The experience carried over into her senior season.

It began with volleyball where Madi didn’t even want to go out at first. She had started since her freshman year, had won two state titles and was a three-time All-2A Western Idaho Conference player coming in.

Madi then almost quit the team about midway through the season.

“I came home one night to find her laying on the bathroom floor bawling,” Bruce said. “She was almost hyperventilating. Last season just kind of ate at her. I think she felt like if she didn’t play the way the coaches felt like she could play, she would be a failure again in her mind. She took it too hard on herself.”

But she saw the season through. The Trojans won their ninth consecutive district title, took second at state and Madi herself was an All-WIC player for the fourth year in a row.

For her final year in tennis, Madi had decided to try her hand at something new. She was going to partner up with Devin Slemmer in mixed doubles.

“I wanted my senior year to be about having fun again,” Madi said. “That’s why I started and fell in love with tennis in the first place. And I really hadn’t had that in a long time.”

She never got the chance, though. The only matches Madi got to play were the ones in practice.

“I’m trying not to think about it,” Madi said. “If I dwell on it too much, I might start crying right now.”

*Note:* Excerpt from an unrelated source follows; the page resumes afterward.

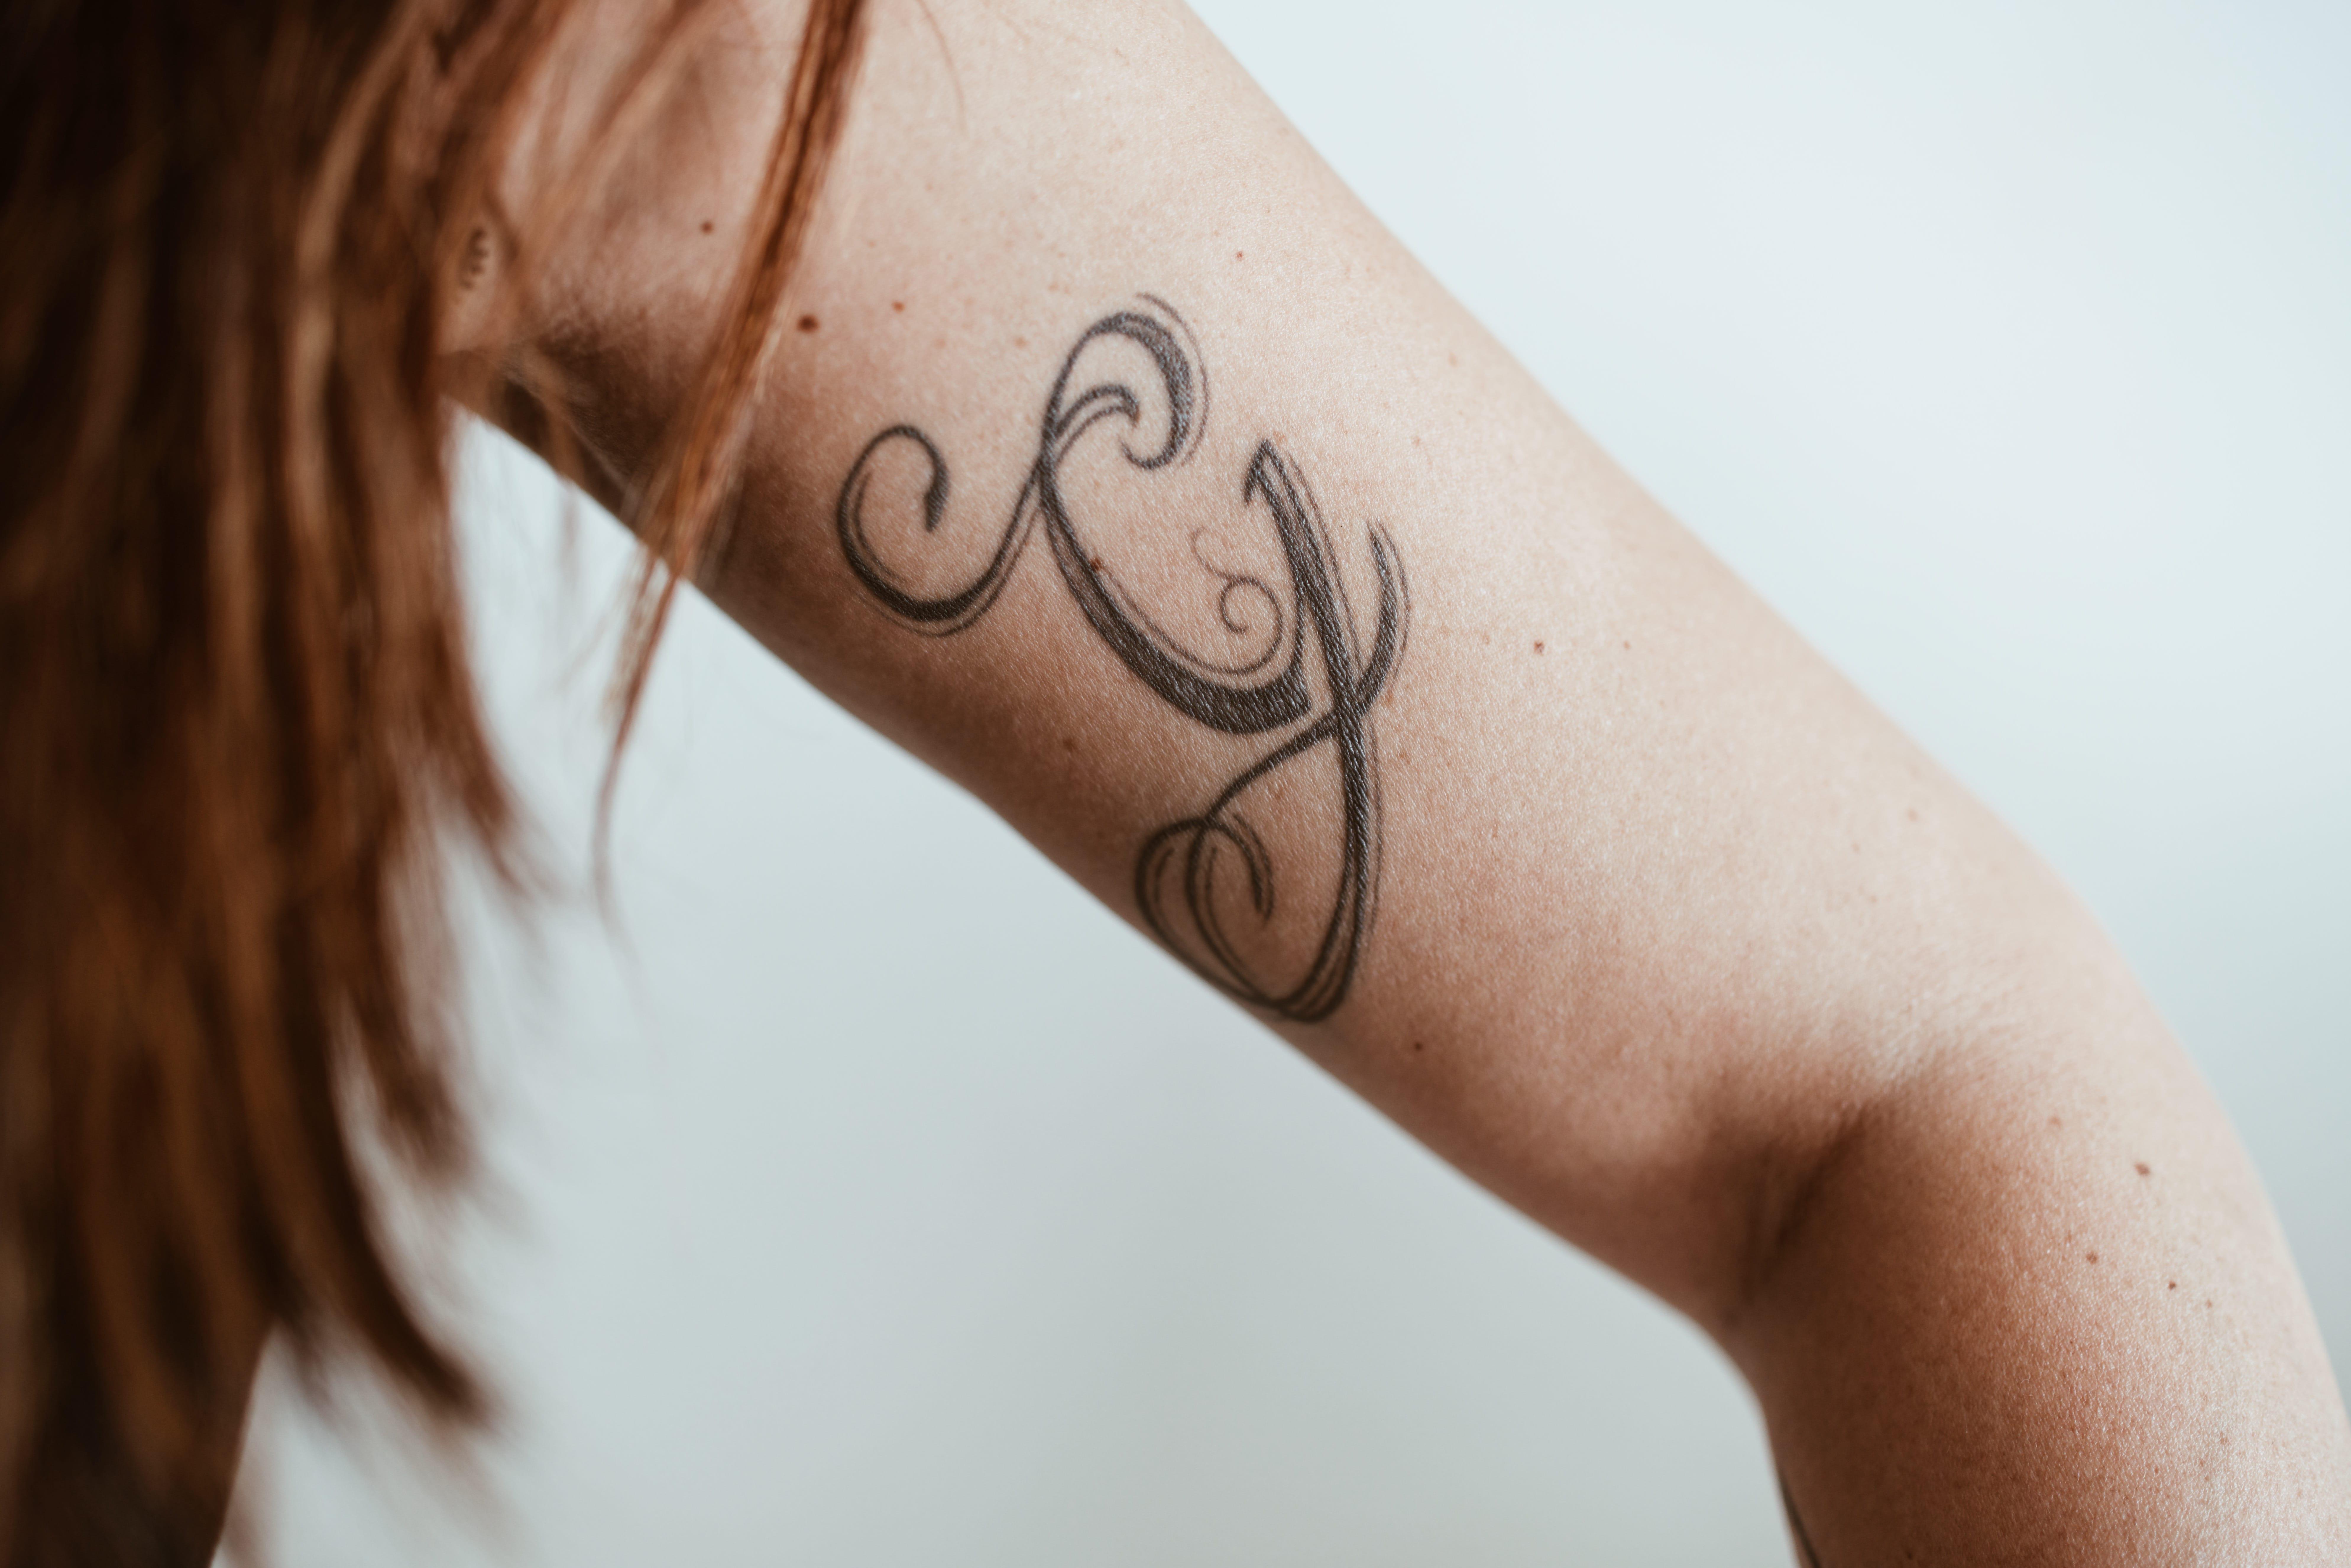 Mes Tatouages Dorisknowsfashion Blog Mode Beaute Lifestyle

Bowers had opportunities with Whitworth (Spokane, Washington), Lewis & Clark (Portland) and the College of Idaho. But she has decided to just focus on academics at Grand Canyon University in Arizona.

But the difficult decision to walk away doesn’t take away from her passion of the game. She will still always love it — in one way or another.

“It’s always been my safe place,” Madi said. “I got on the court and knew what I was gonna do. It was all figured out in my head, where in life, that’s not always the case. Tennis has helped me with a lot of problem solving skills in my life and not to let one little bump in the road drag me down because there’s always gonna be more ahead of you. So I’ll always be grateful for it.”